Beefy Boxes and Bandwidth Generously Provided by pair Networks
The stupid question is the question not asked
 
PerlMonks  

help requested with collating data from two files

by Angharad (Pilgrim)
on Sep 13, 2010 at 20:47 UTC ( [id://860029]=perlquestion: print w/replies, xml ) Need Help??

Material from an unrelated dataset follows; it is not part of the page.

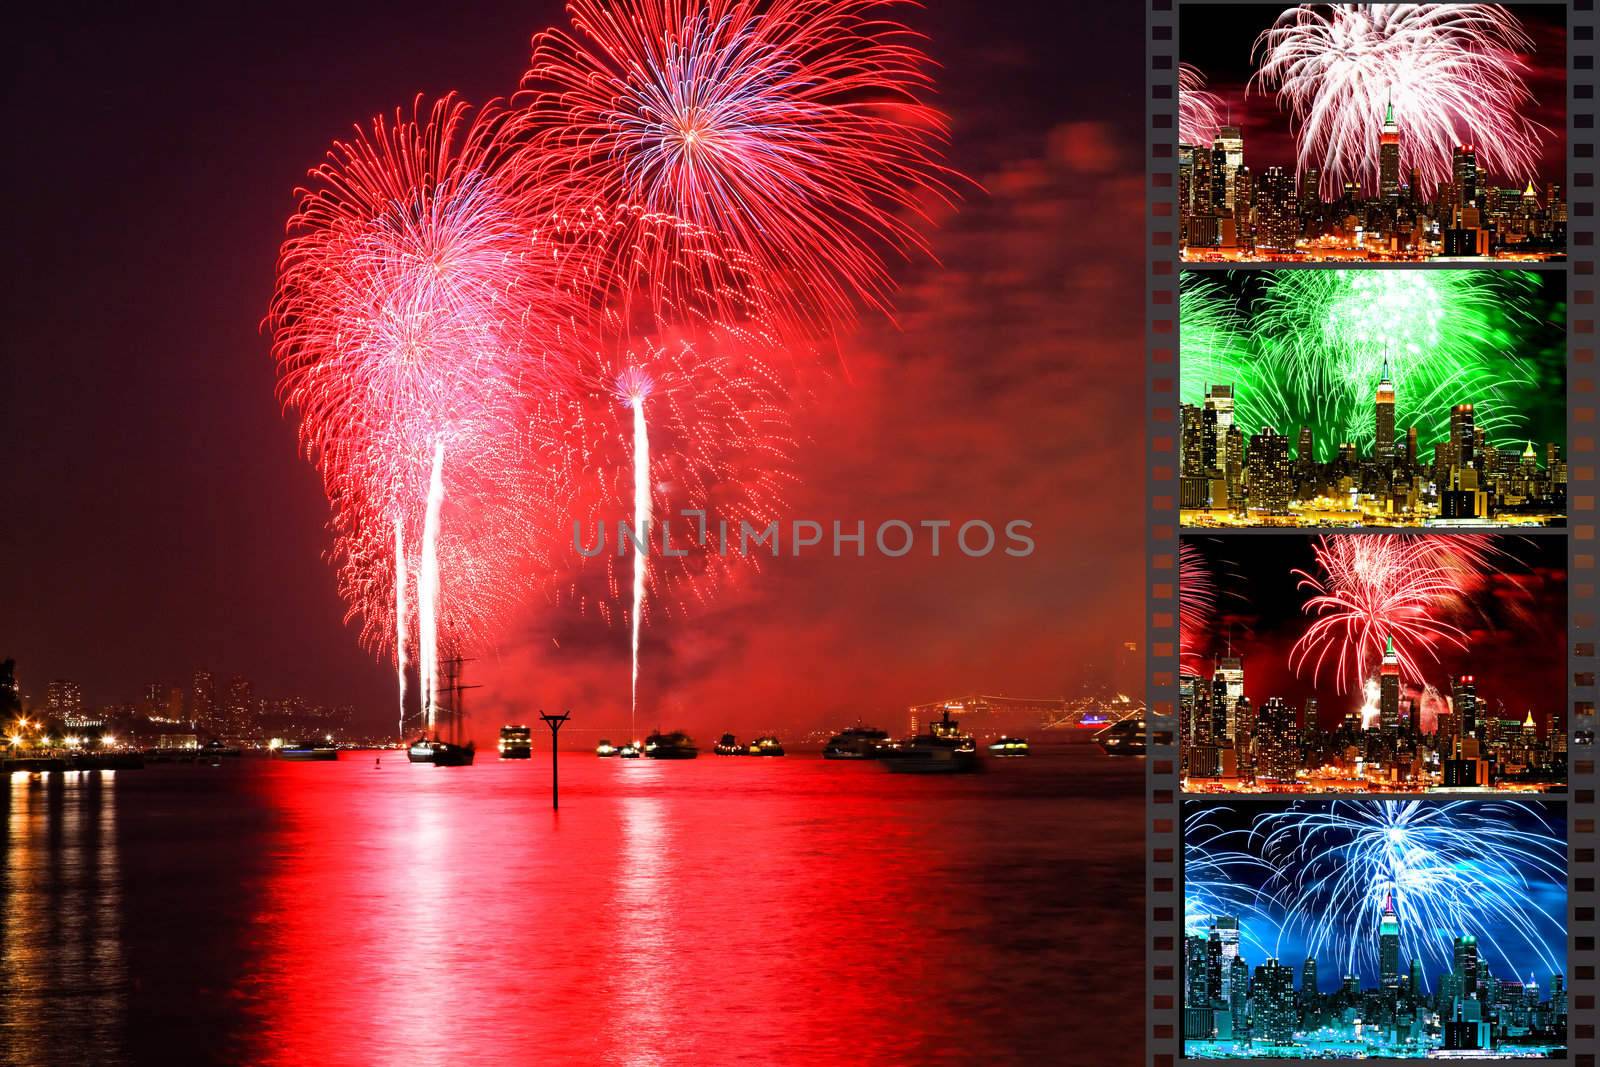  the Macy's 4th of July fireworks displays by gary718

Angharad has asked for the wisdom of the Perl Monks concerning the following question:

I have two files - one which looks like this (FILE1)
1.10.10 1.10.1040 1.10.150 1.10.220
...etc

and another that looks like this (FILE2)

1.10.10.640 1.10.10.650 1.10.10.660 1.10.1040.20 1.10.150.290 1.10.150.300 1.10.150.310 1.10.220.80
...etc

I'm wanting to match the first three numbers from the 4 number strings in FILE2 (each number being separated by a '.') with the corresponding three number strings in FILE1 and then count how many matches there are.

For example for the three number string 1.10.10 in FILE1 there are 3 matches in FILE2.

I want the output file to look like this:

1.10.10 3 1.10.1040 1 1.10.150 3 1.10.220 1
I've got the following script
use strict; my $file1 = shift; my $file2 = shift; open(FILE1, $file1) or die "Cant open $file1:$!\n"; open(FILE2, $file2) or die "Cant open $file2:$!\n"; my @file1 =<FILE1>; my @file2 =<FILE2>; #print @file1; #print @file2; for(my $i=0; $i<@file1; $i++) { chop($file1[$i]); #print "F $file1[$i]"; for(my $j=0; $j<@file2; $j++) { chop($file2[$j]); my @array = split(/\./, $file2[$j]); my $cat = "$array[0]" . "." . "$array[1]" . "." . "$array[2]"; if("$file1[$i]" eq "$cat") { print "$file1[$i] $cat\n"; } } }
But its simply not working properly - its not finding all the matches. I've given only example files here - the actual files are much bigger - some matches are recognised but not all. Any pointers in the right direction much appreciated!!!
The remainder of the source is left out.